Many women never expected their income would be the foundation of the family’s financial resources, yet they and their husbands navigate the situation successfully. One couple expressed a willingness to adapt for one another by creating a family model that places caring for their children above earned income without casting one spouse or the other into traditional gender roles. The husband remarked, “my identity is not tied to a job—it’s everything outside of that” and, “her opportunities were just too good for me to intervene.” The couple naturally created a working agreement on financial matters based on shared values of family, financial security, work flexibility, support and mutual respect.
The millennials are taking notice of the trend. Jenn, who describes herself as a 32-year-old serial dater, is now ready for a serious relationship. Having earned an MBA, she has a very successful career in finance. Now involved with a man whose vocation is carpentry, the reality is that they’re very fiscally unequal. This imbalance has caused a lot of deep reflection and candid dialogue. She is uncertain as to whether this is a deal-breaker in a long-term relationship. Knowing she would be the major earner, she is realistic about the implications of a financial future together. “This is going to require a great deal of soul searching for me,” she commented.
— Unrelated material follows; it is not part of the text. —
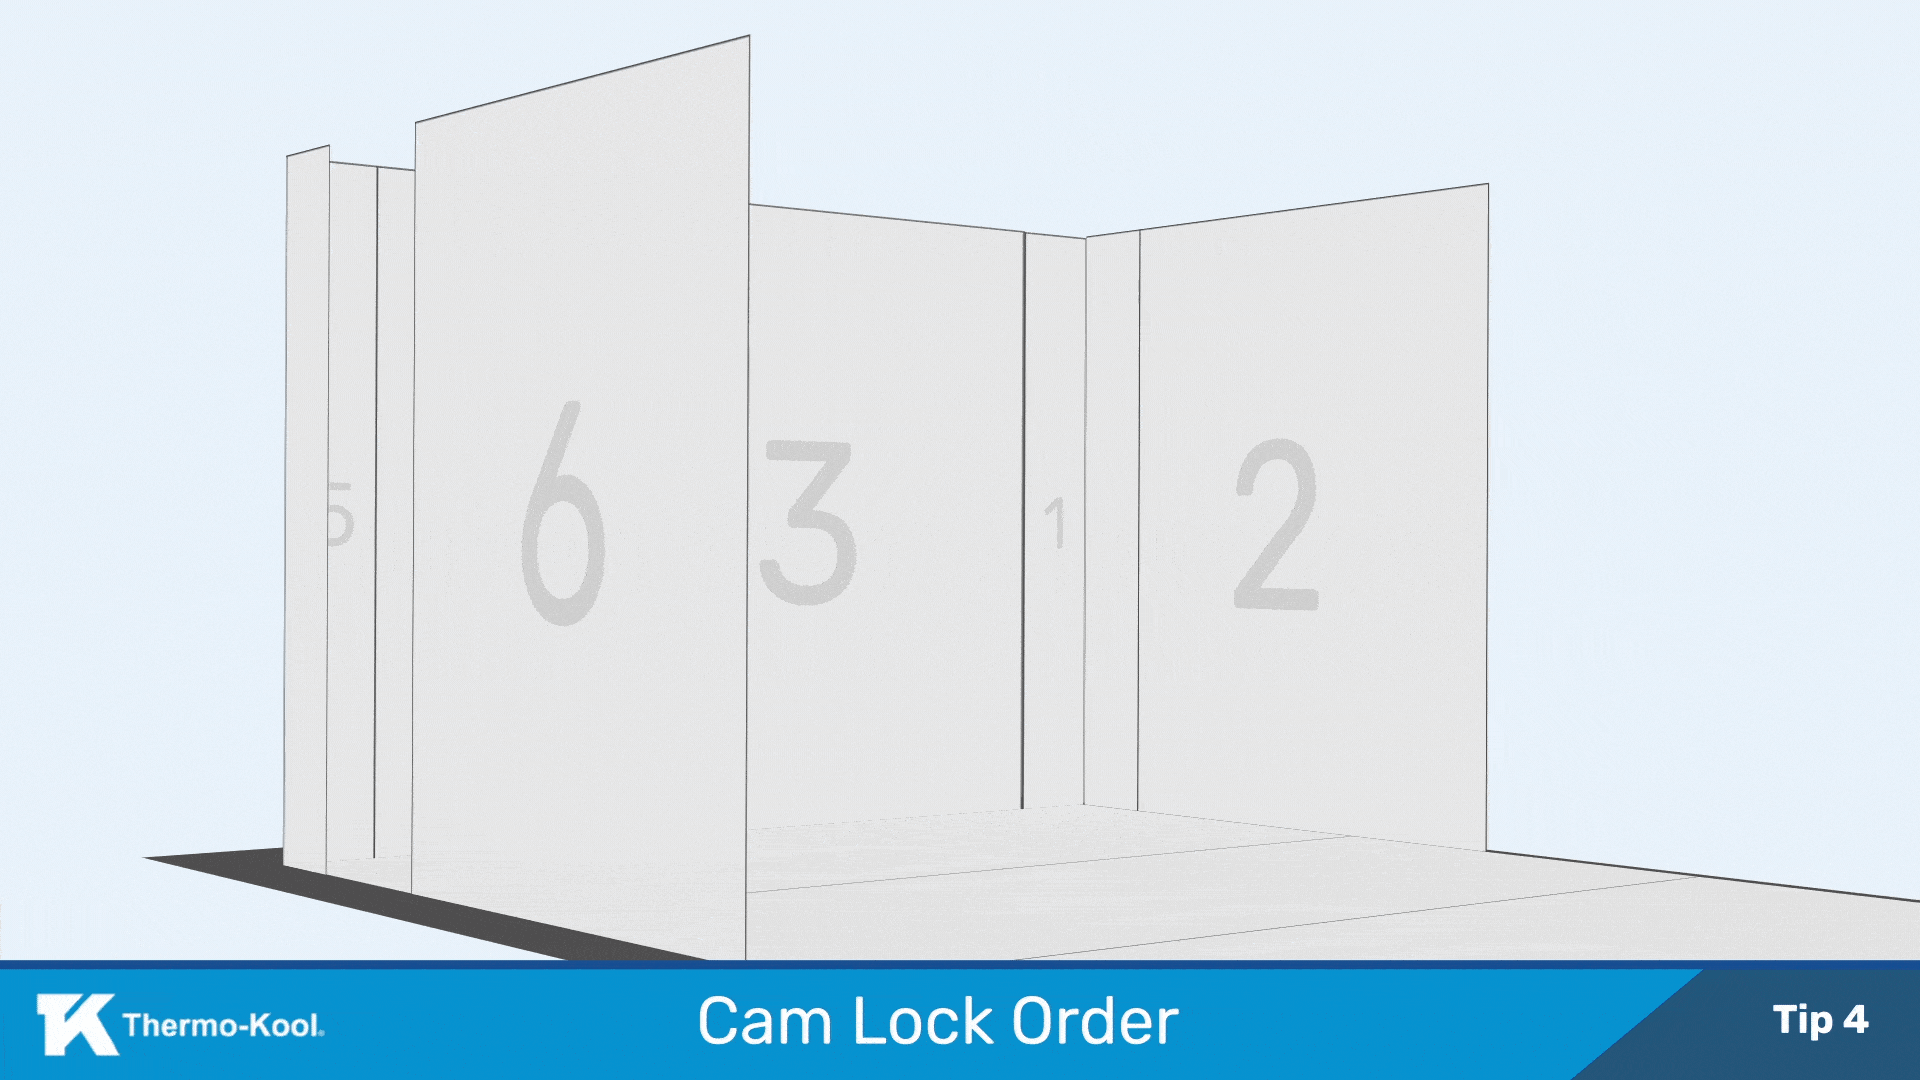 An animated diagram illustrating the cam lock order.

Reflecting on fiscally unequal relationships, Jay Hughes, retired estate attorney and an expert in this subject matter of “fiscal unequals,” says: “The critical question is whether couples in such relationships can courageously accept their new situation and balance the powerful role of women and their wealth with the issues of male self-esteem. Just as new roles are being forged for women, so must new roles be forged for men.” Couples need to take a breath and evaluate who and where they are. Financial advisors can help by neutralizing and normalizing this issue. Since advisors are in the position of both knowing clients and understanding their finances, who better to assist? Money disagreements are normal and often stem from feeling ignored or there’s an unfairness to it all. Consider facilitating conversations that will help clients renew family and financial goals, while staying focused on the current problem(s) and brainstorming potential solutions together. Begin by asking what expectations they have, what disappointments and what they would like from one another. In the process, help clients evaluate their satisfaction with household and parenting issues (that require financial resources) and money-related issues. In the end, the couple may rewrite their scripts that modernize and honor the set of values they each possess.
 
Michelle Arpin Begina is a Senior Managing Director, Snowden Lane Partners.
Maureen Kelley is a Senior Consultant, MADRE Financial.